■ **Required action**
Restate the listing below word for word, omitting any images.

■ **Given information**
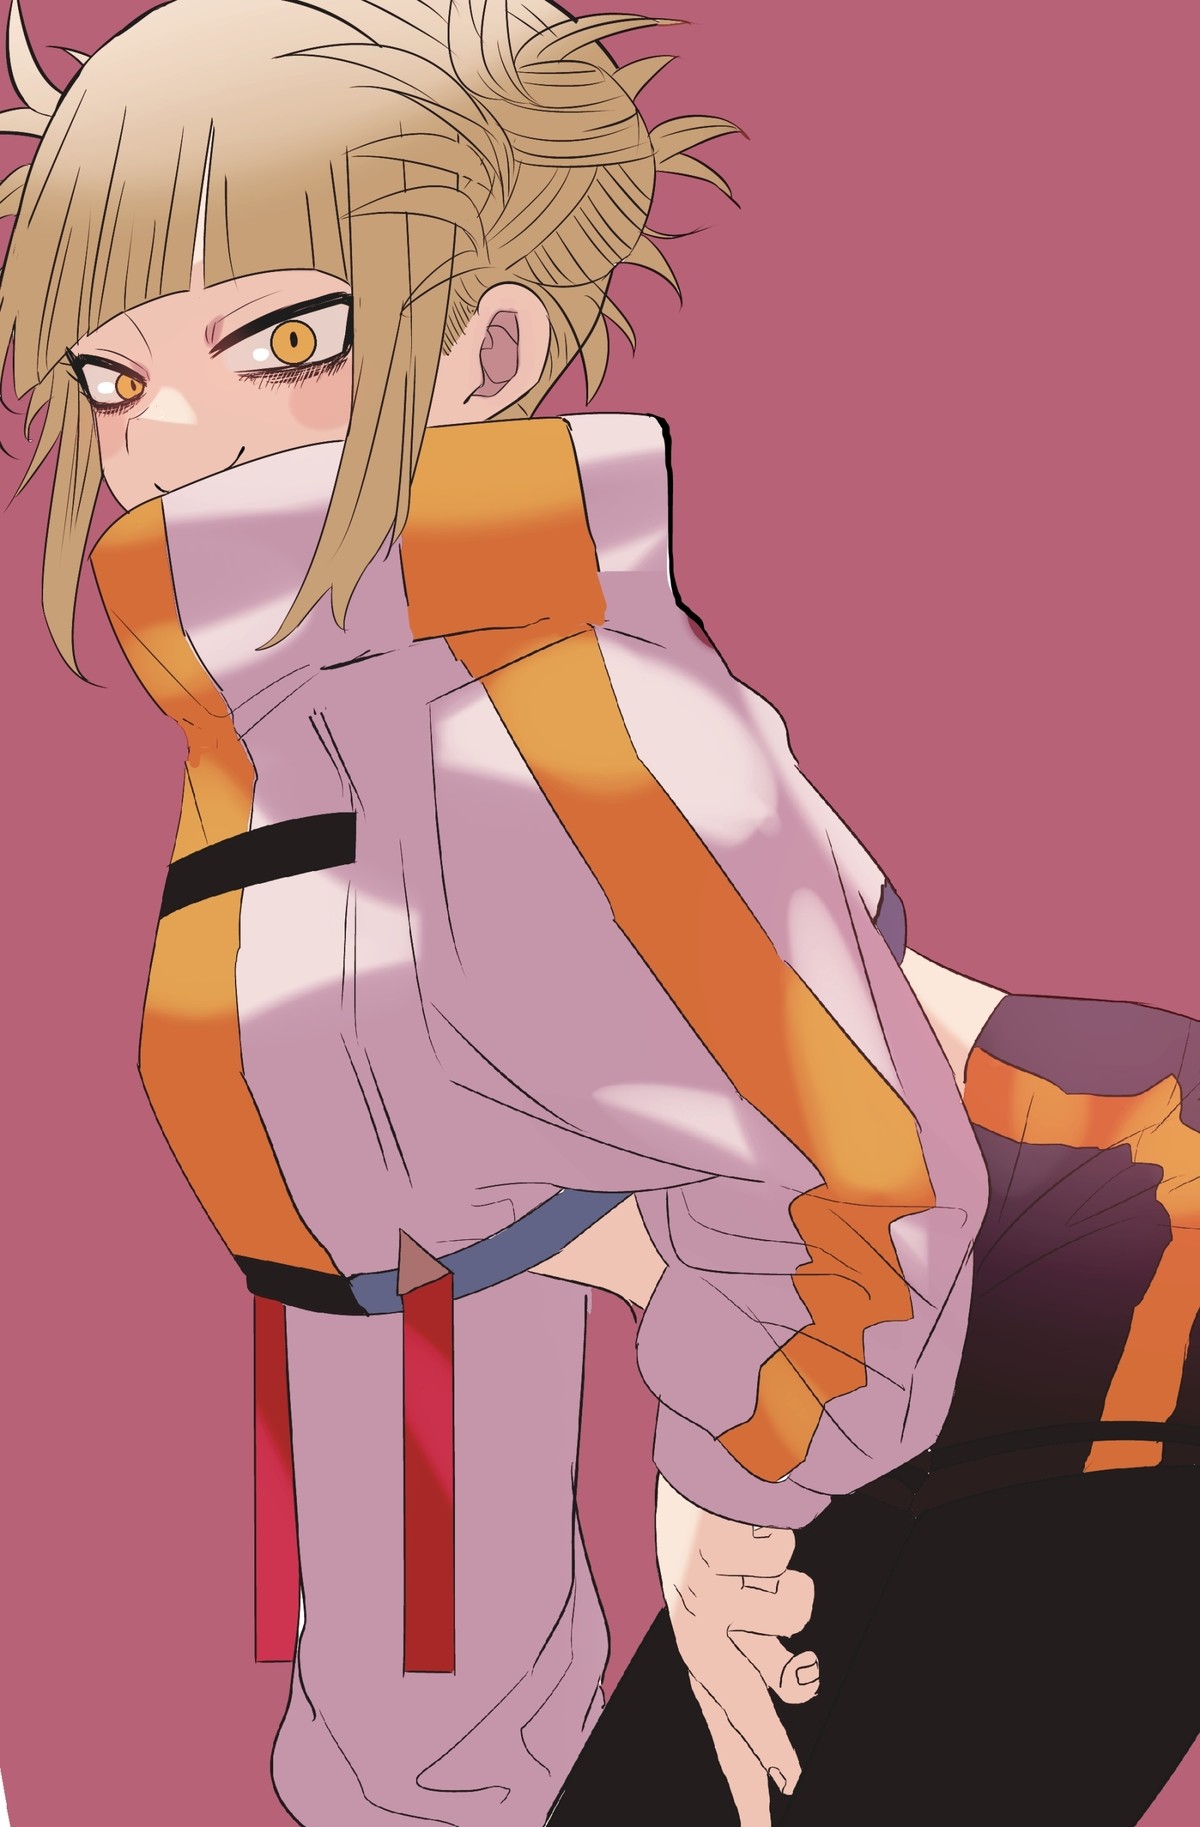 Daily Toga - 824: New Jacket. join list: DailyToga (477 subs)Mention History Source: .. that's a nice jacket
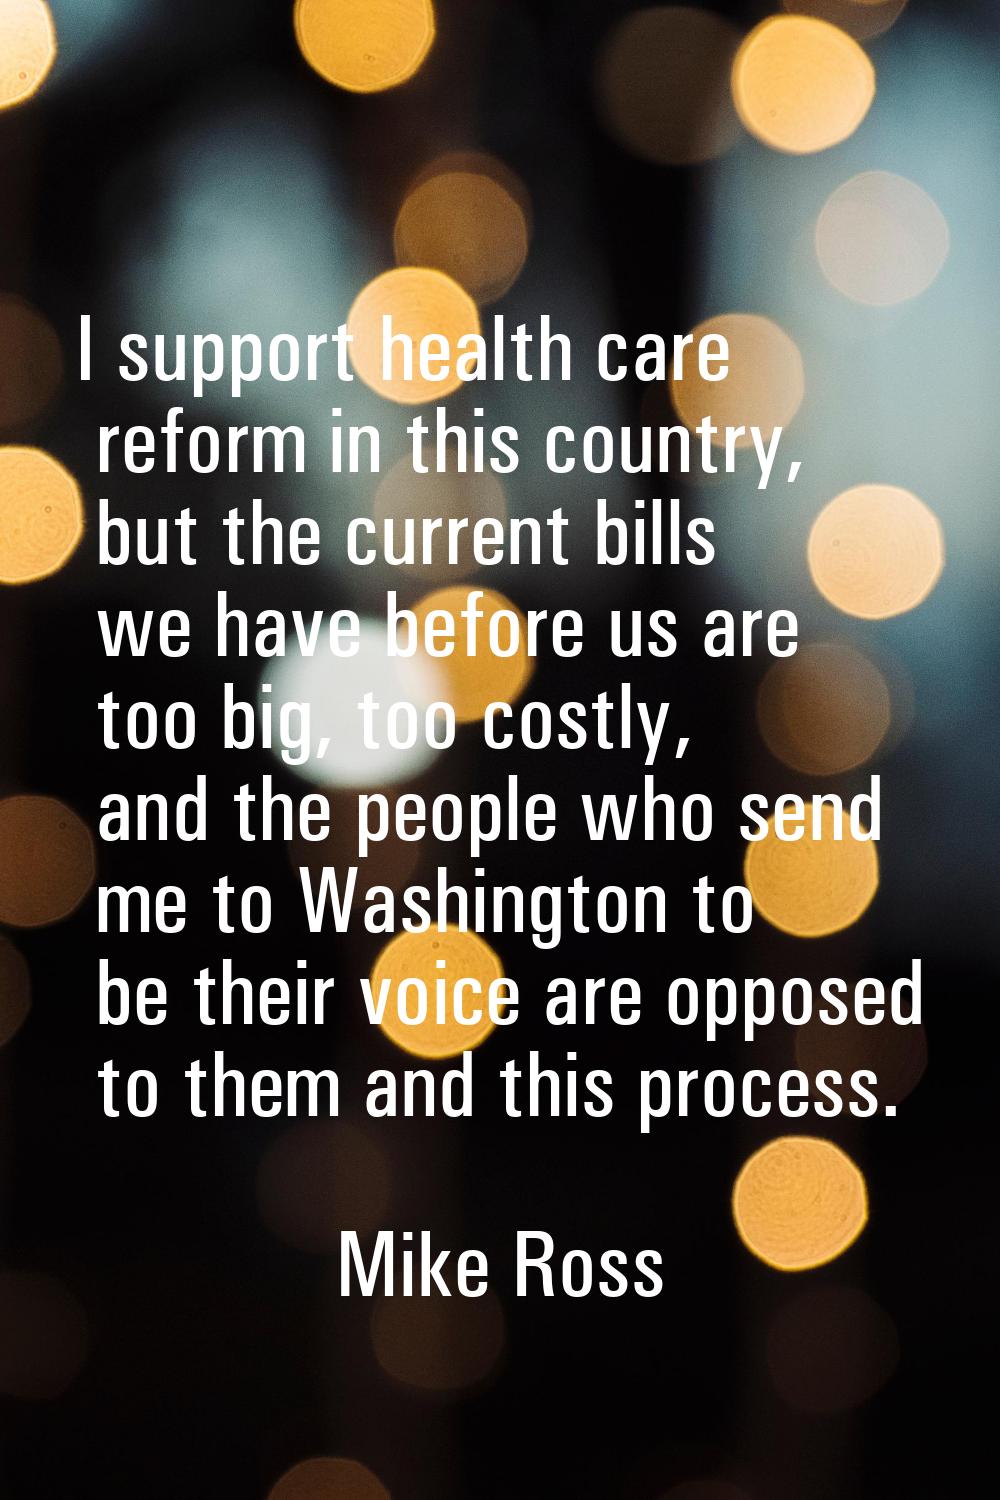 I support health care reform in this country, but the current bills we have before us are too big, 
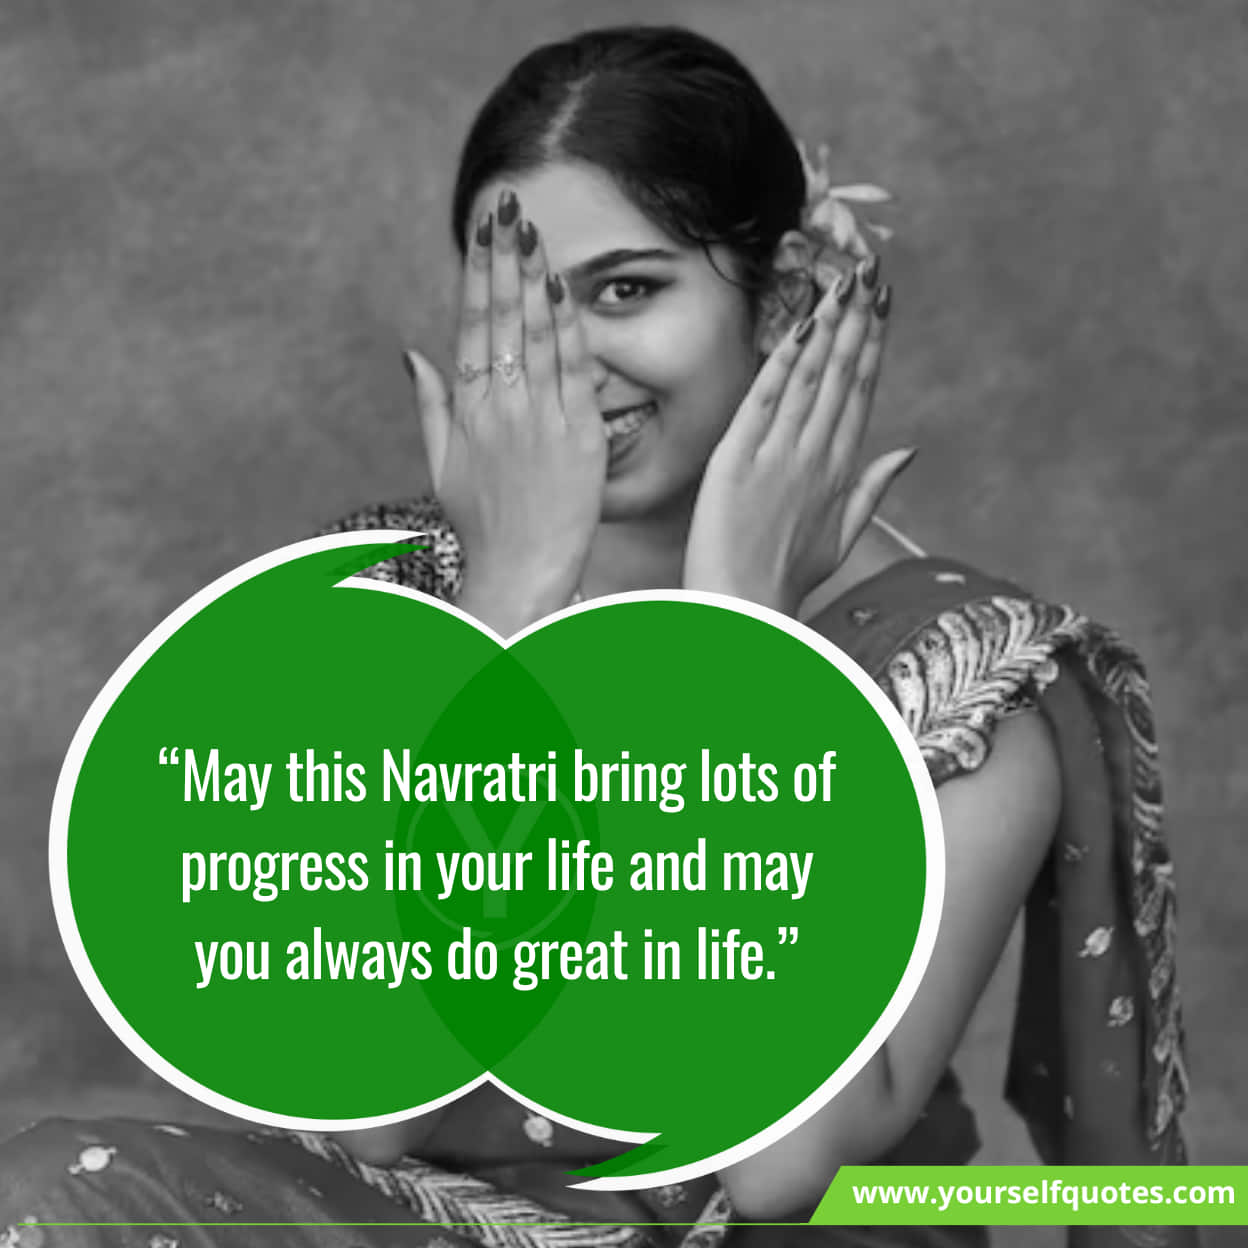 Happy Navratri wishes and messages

■ **Your solution**
 Daily Toga - 824: New Jacket. join list: DailyToga (477 subs)Mention History Source: .. that's a nice jacket
 I support health care reform in this country, but the current bills we have before us are too big, 
 Happy Navratri wishes and messages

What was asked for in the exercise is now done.